* Source material *
######

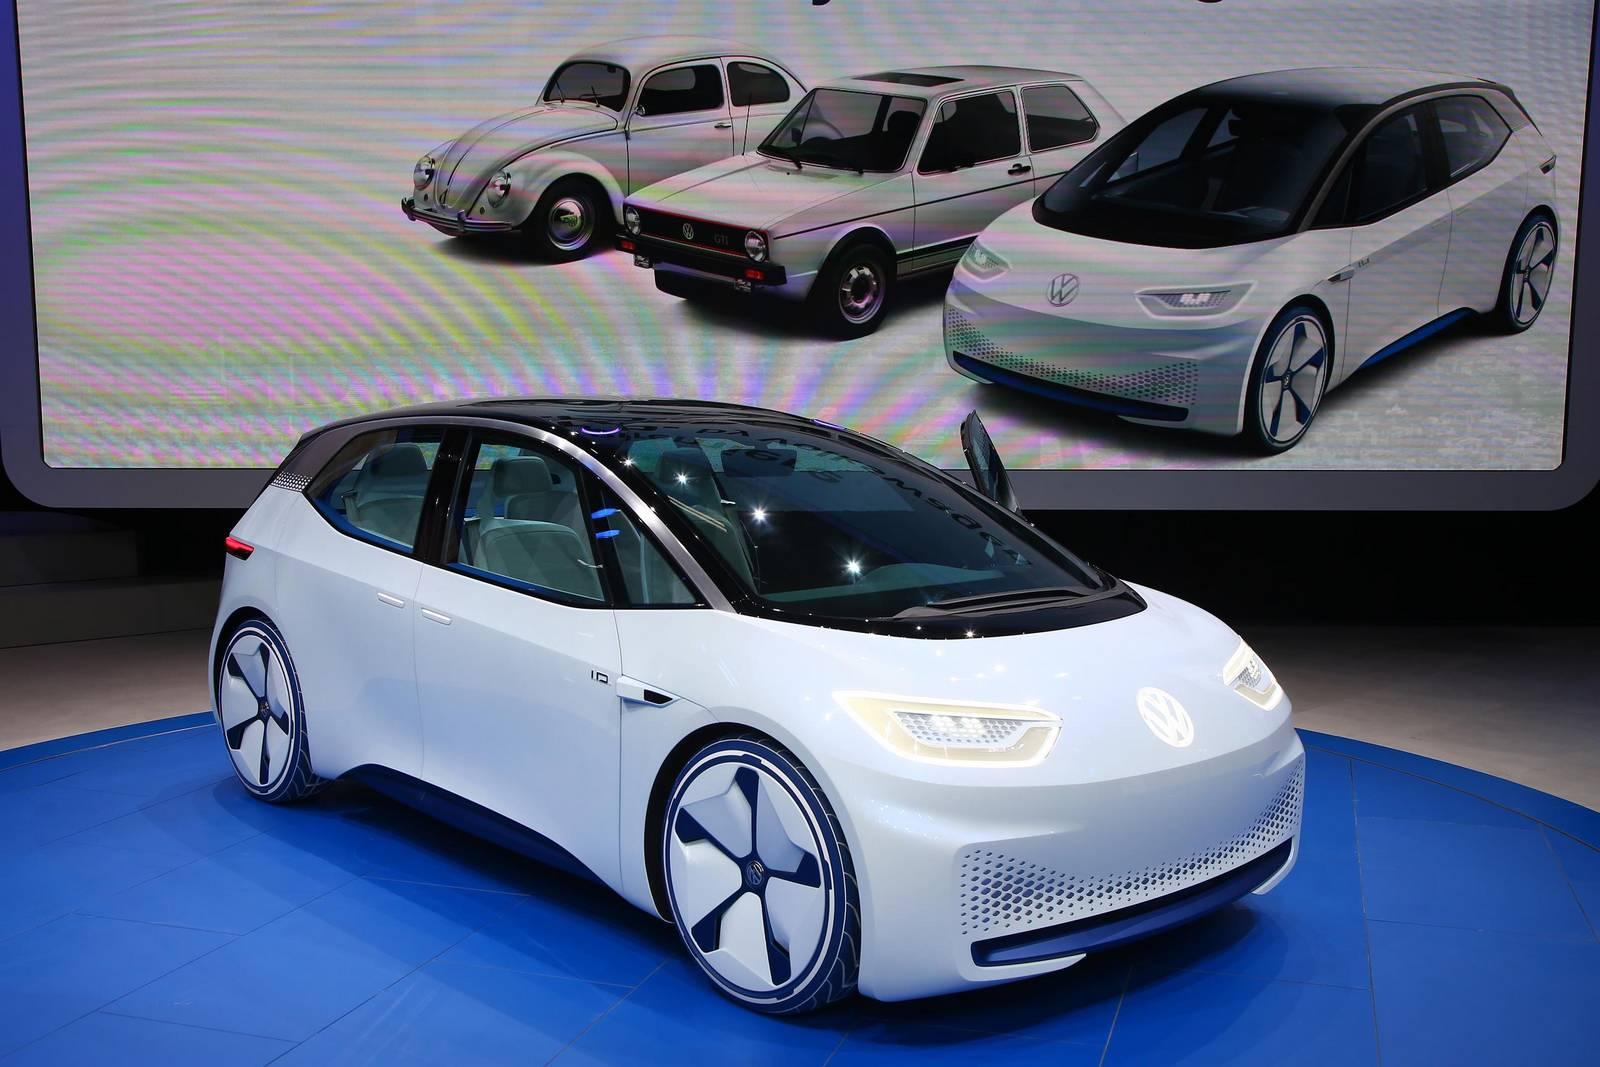 paris 2016 volkswagen i d electric concept car gtspirit. Black Bedroom Furniture Sets. Home Design Ideas
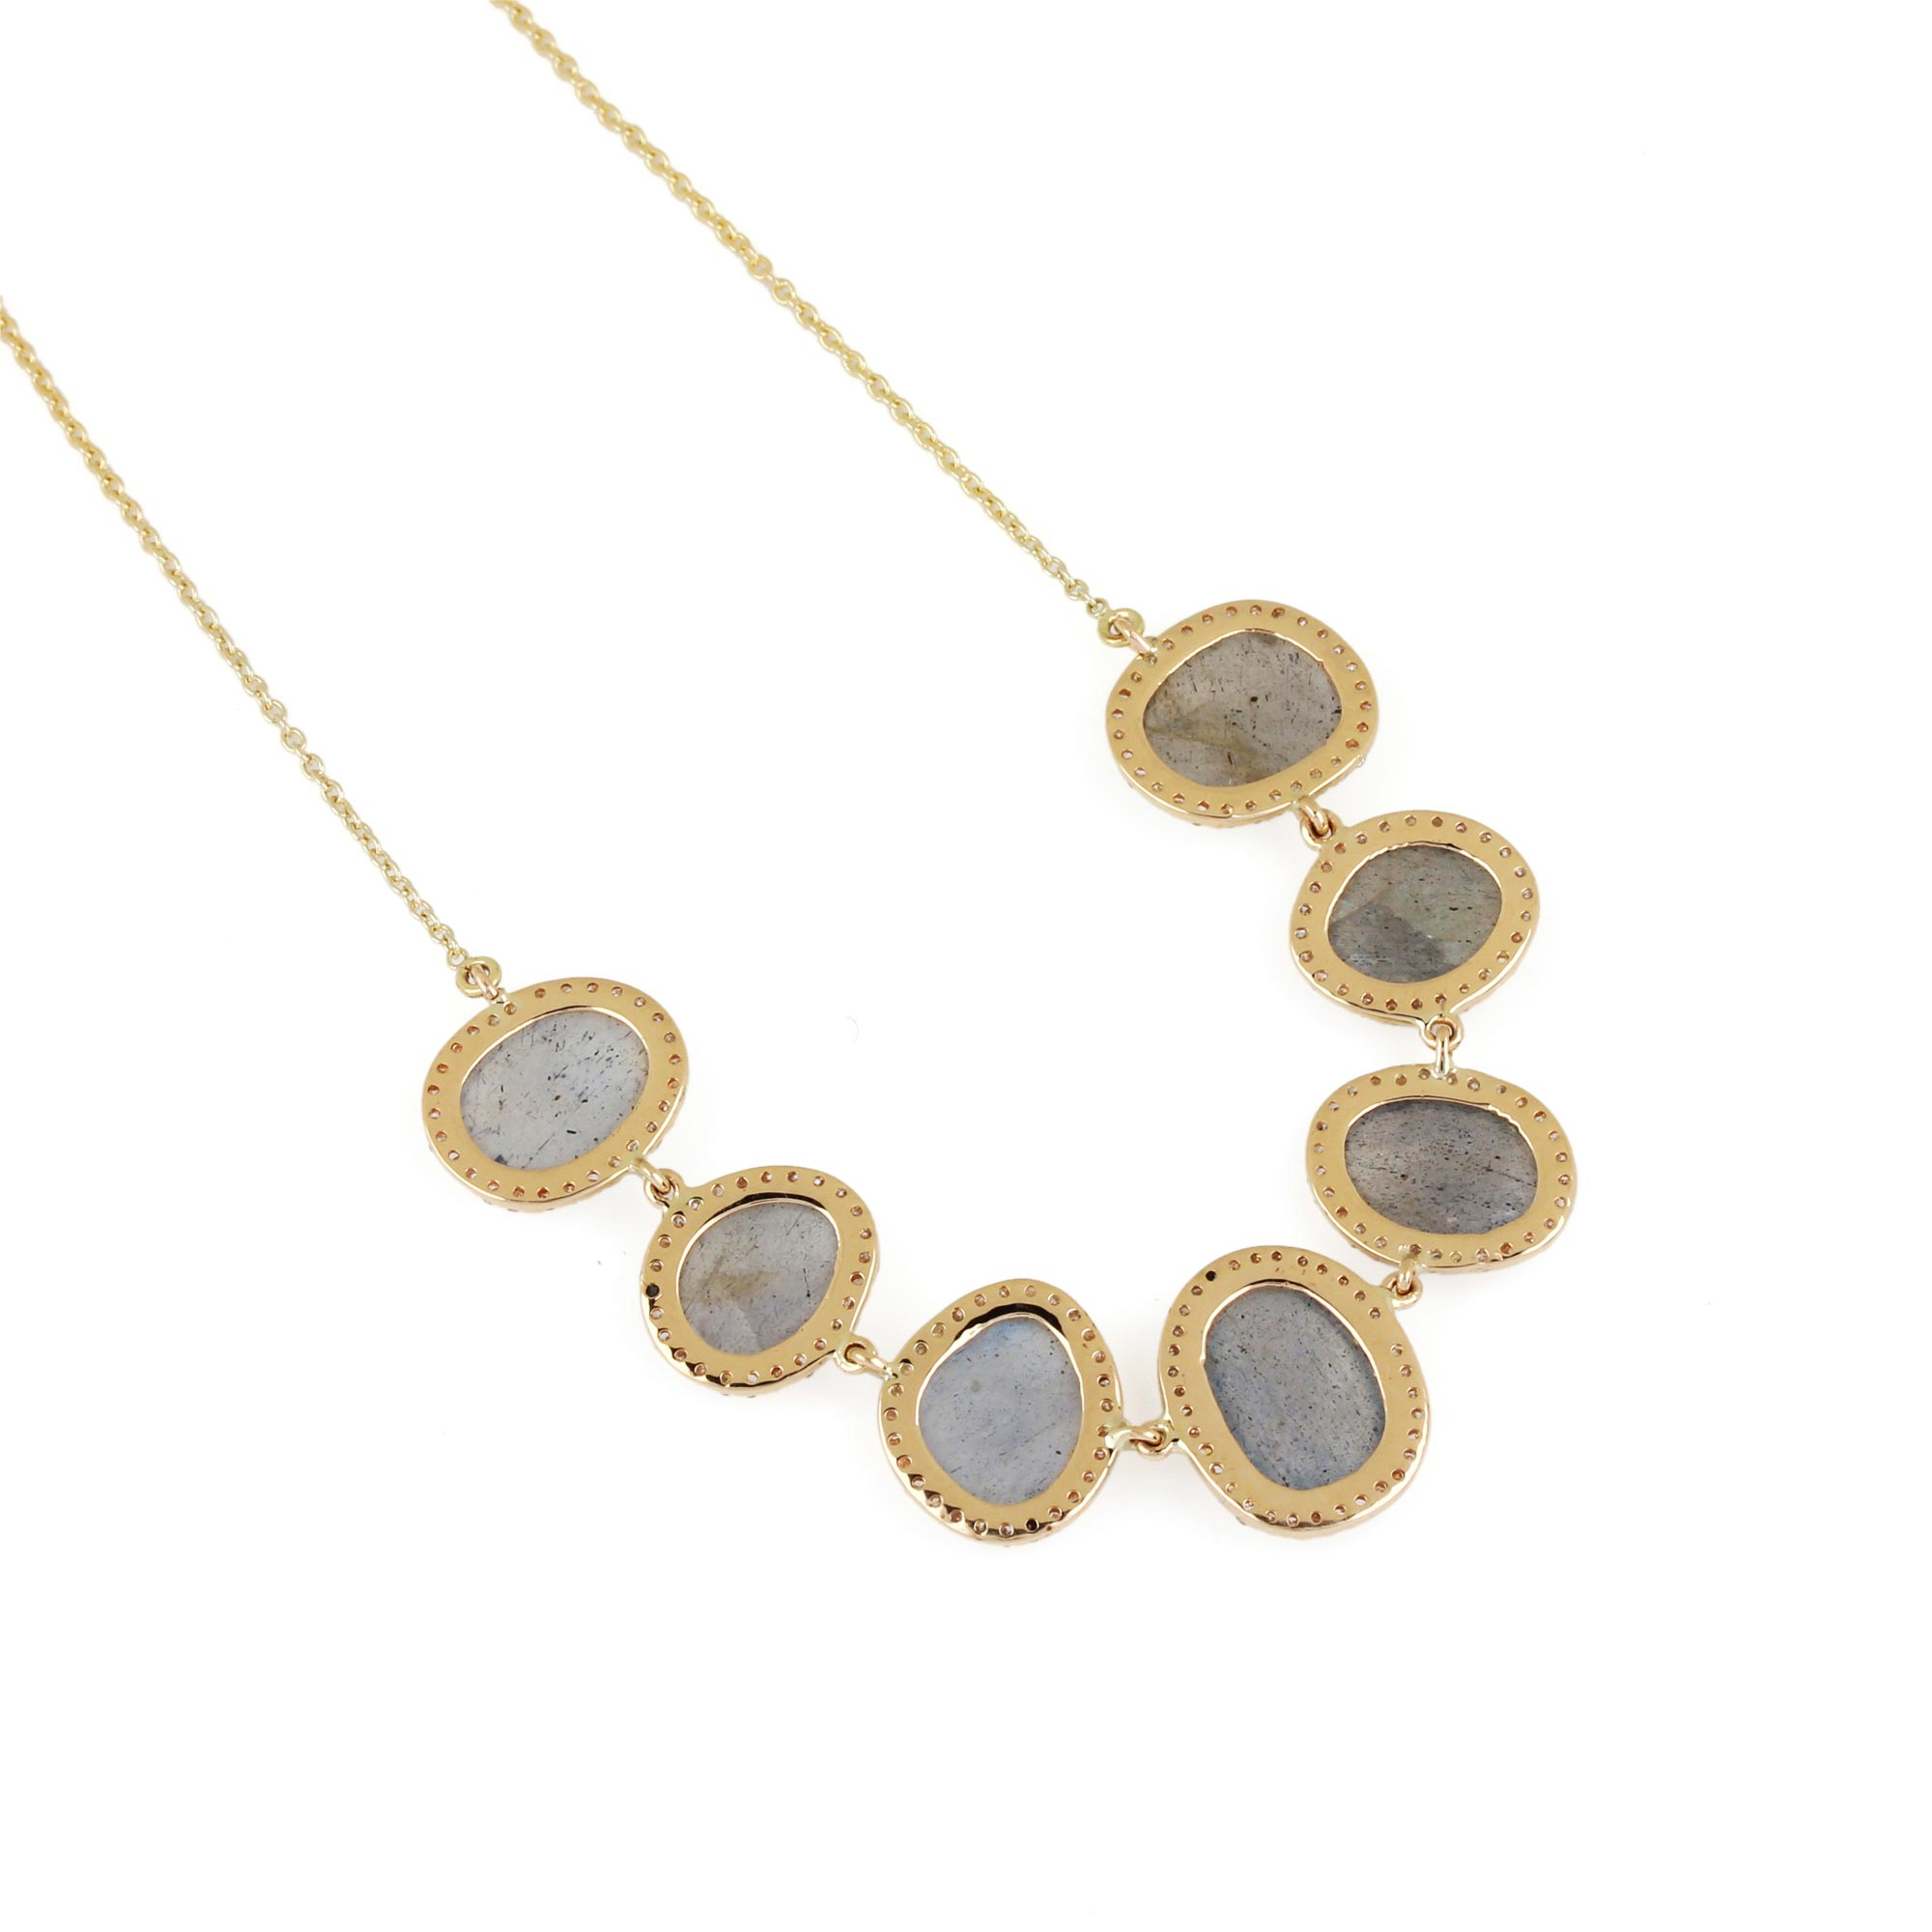 Labradorite Pendant Chain Necklace Pave Diamond 14K Solid Gold Jewelry
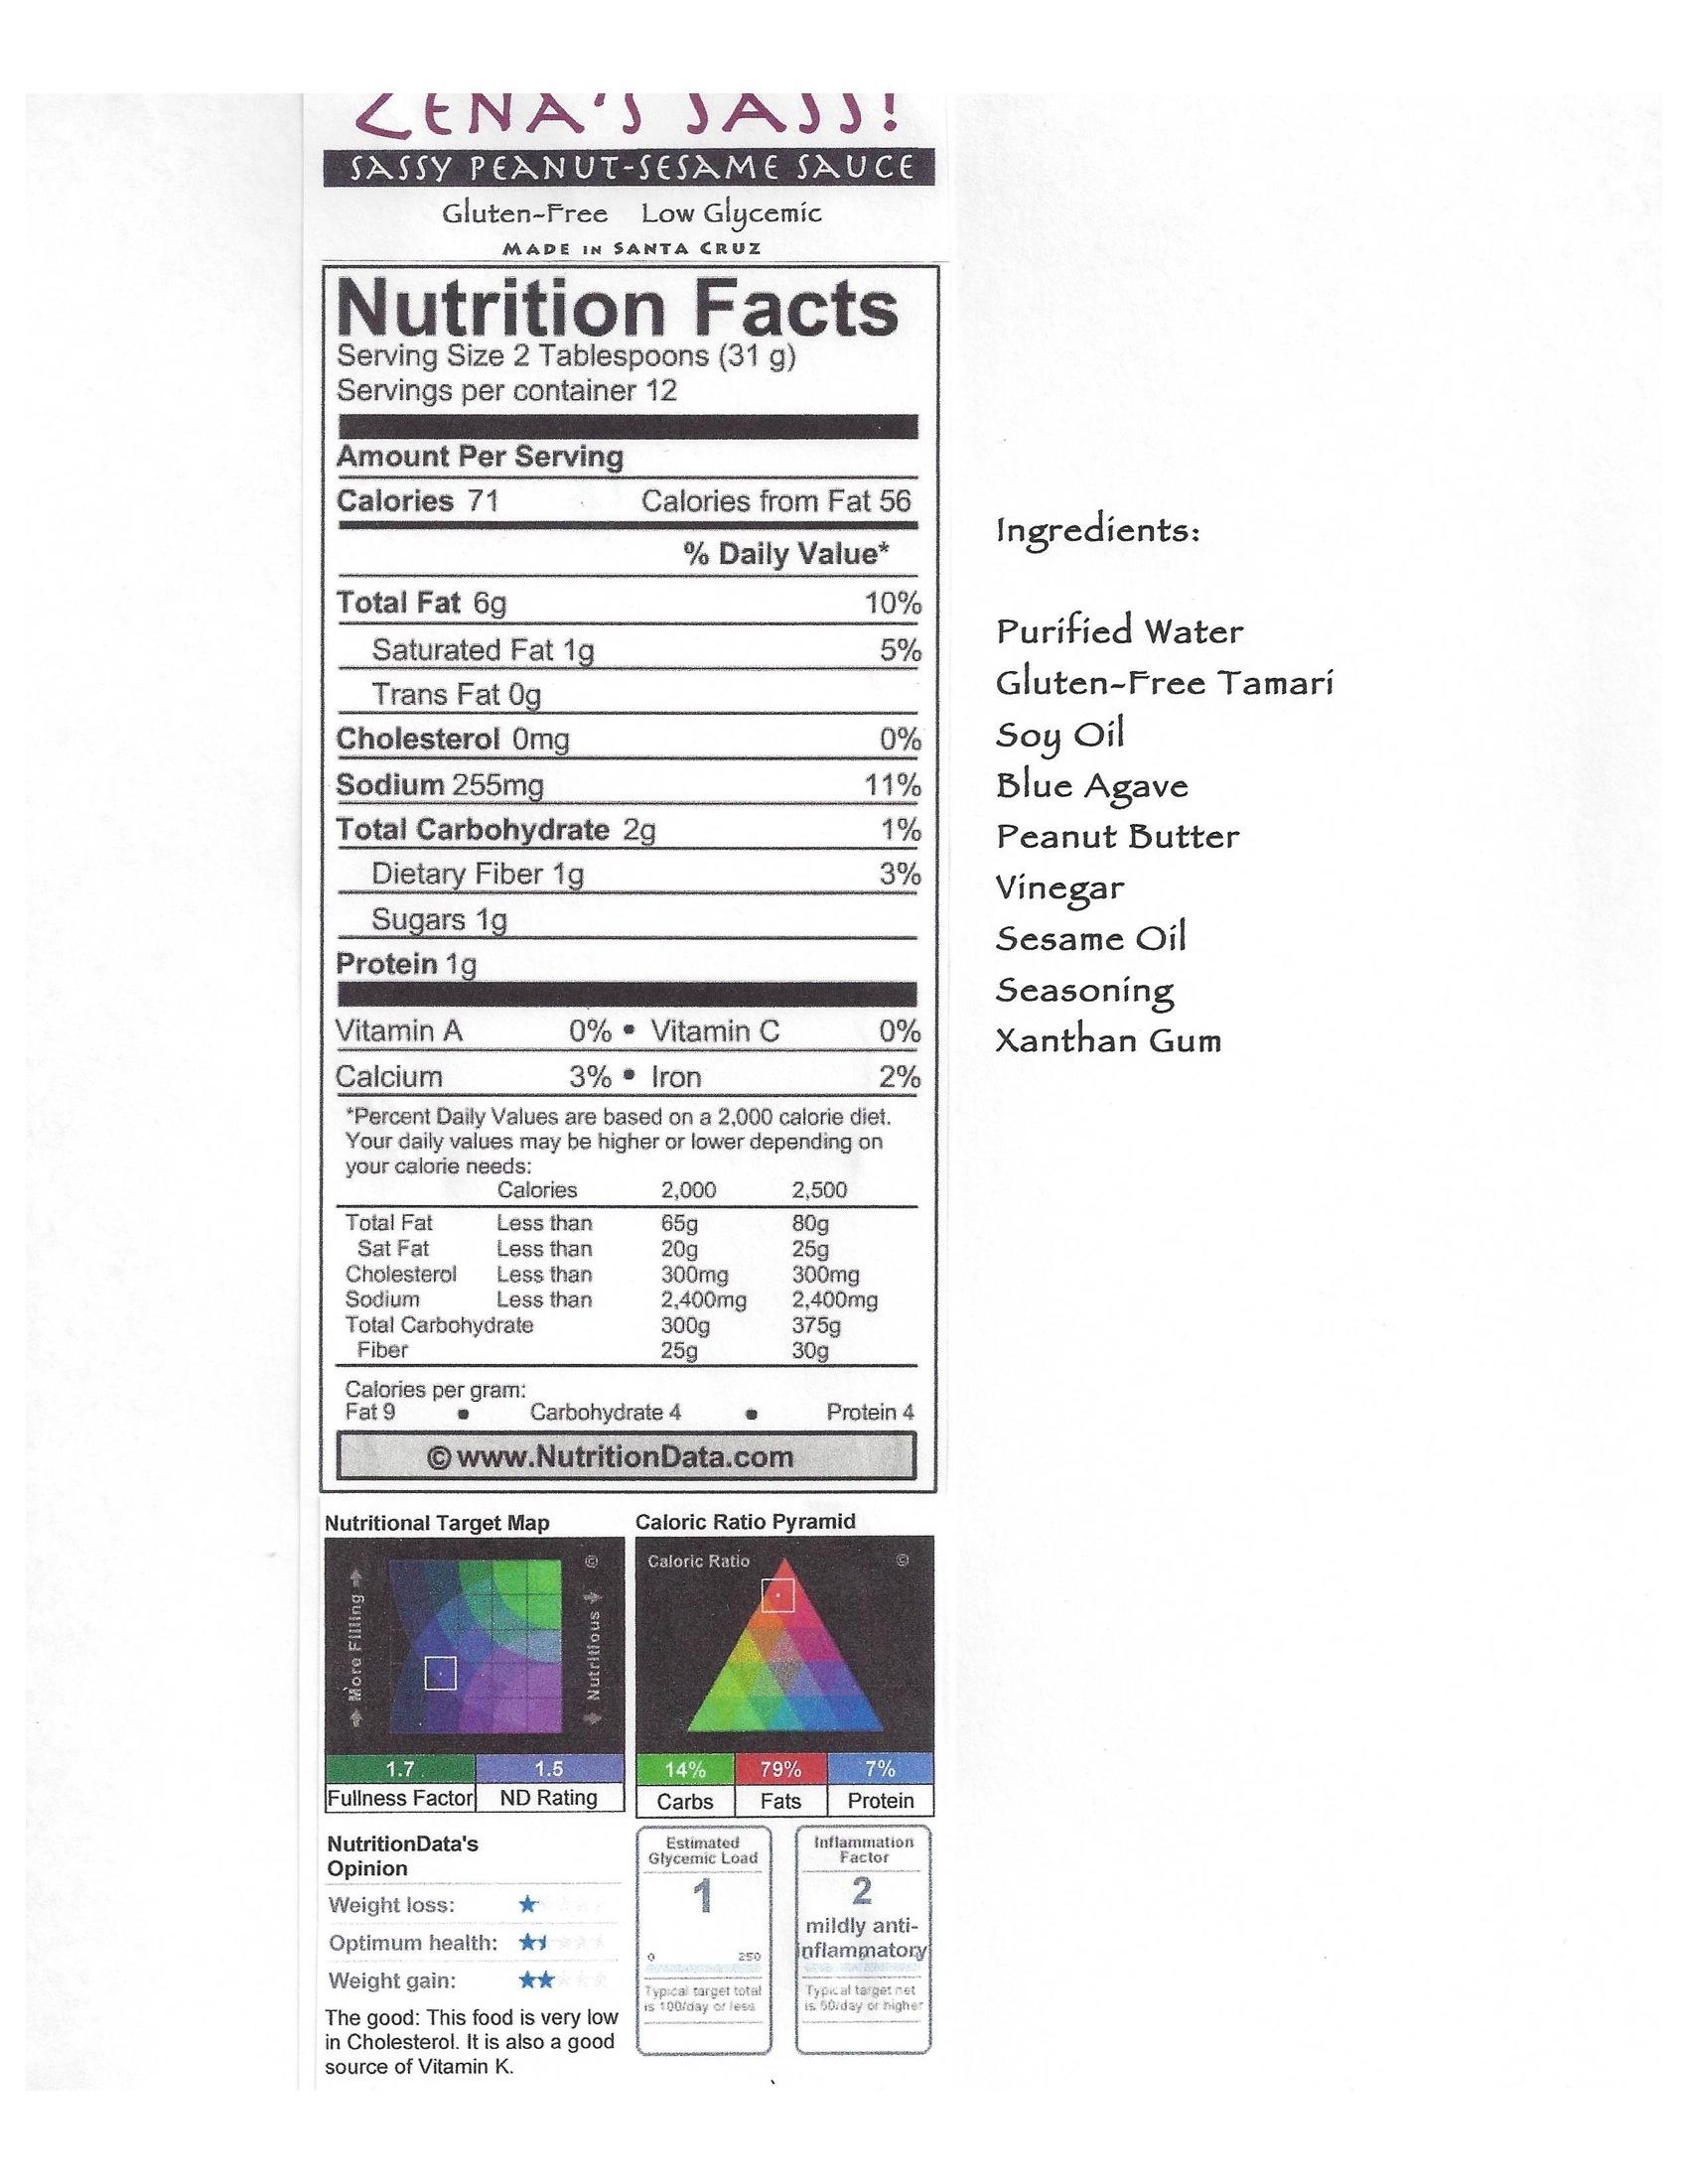 sassy-peanut-sesame-sauce-nutritional-information

######

* Task requirements *
Precisely the lines from the one containing "Labradorite Pendant Chain" to the end of the data above, both included, should be printed; leave the pictures out.

* Expected answer *
 Labradorite Pendant Chain Necklace Pave Diamond 14K Solid Gold Jewelry
 sassy-peanut-sesame-sauce-nutritional-information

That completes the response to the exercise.